Despite his injuries, Hemingway accompanied a friend and his wife on a planned fishing expedition in February, but the pain caused him to be irascible and difficult to get along with.
When a bushfire broke out, he was again injured, sustaining second-degree burns to his legs, front torso, lips, left hand, and right forearm. Months later in Venice, his wife, Mary Walsh reported to friends the full extent of Hemingway’s injuries: two cracked discs, a kidney and liver rupture, a dislocated shoulder, and a broken skull.
In Paris, while in the restroom he suffered a serious concussion when he thought he was pulling the toilet chain, but instead he dislodged the ceiling arrangements and the whole thing collapsed on his head.
He liked his women but maybe he didn’t play fair. True, he was left waiting for his bride-to-be, Agnes, who after all the preparations were made, changed her mind and ended up marrying a Captain in the Spanish Army.
Some close friends said he never recovered from the heartache.
Among all the chaos and the travels and the breakups, he’s still managed to get not just the Pulitzer Prize, but the Nobel Prize as well.
Both, back to back.
The former in ’54. The latter in ’53 for “Old Man and the Sea.”
He loved Paris and hated it at the same time. He met the greatest artists and authors and forged great relationships with them, including Ezra Pond which whom he went through long drinking binges, which were starting to cause him problems.

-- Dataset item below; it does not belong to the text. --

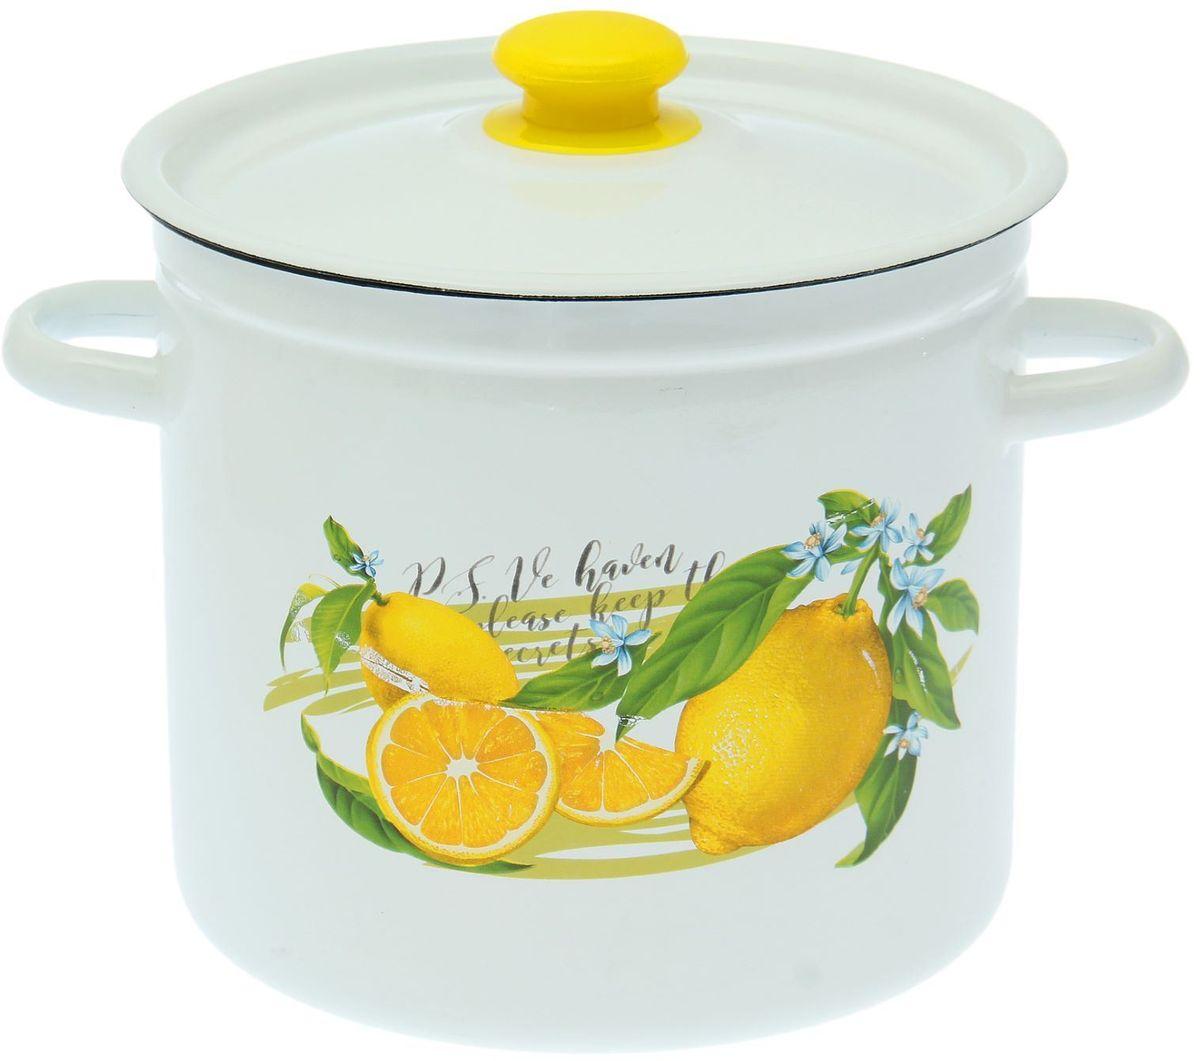 Кастрюля Epos Лимон, 7 л1721271Эмалированная кастрюля пригодится вам для быстрого приготовления разных типов блюд. Такая посуда подходит для домашнего и профессионального использования.Кастрюля цилиндрическая — помощь на кухне на долгие годы.Достоинства:посуда быстро и равномерно нагревается;корпус стоек к ржавчине;изделие легко отмывается в посудомоечной машине.Благодаря приятным цветам кастрюля удачно впишется в любой дизайн интерьера. Наилучшее качество покрытия достигается за счёт того, что посуда проходит обжиг при температуре до 800 градусов.Чтобы предмет сохранял наилучшие эксплуатационные свойства, соблюдайте правила ухода:избегайте ударов и падений;не пользуйтесь высокоабразивными чистящими средствами;не допускайте резких перепадов температуры.Посуда подходит для долговременного хранения пищи.

But when too many of his friends started dying and when he almost died himself, he decided it was time to stop.
He fell in love with more women than he could count, married 4 of them, and would have kept on going if it wasn’t because bad health got in the way.
The years have a way of weighing heavily as one gets older and his case was no different.
Still, his work reflected the admirable instinct of human beings to persevere against the odds. He never allowed the elements to conquer him as his survival and that of his friends depended on it.
A complicated man, he challenged life at every turn, and if he wasn’t satisfied with the outcome, he thought something must be wrong with the challenge itself, so he’d go for it again.
When his own father committed suicide, he said “I’ll probably go the same way.” His wife at the time, Mary Walsh wasn’t pleased at all to hear such a statement but he brushed it off as a figure of speech, nothing else.
Little did she know that on July 2nd, 1961, he would fulfill that claim using his favorite shotgun.
Ernest Hemingway was 61 years old.
He was a true American classic in many more ways than one and will forever be remembered as such.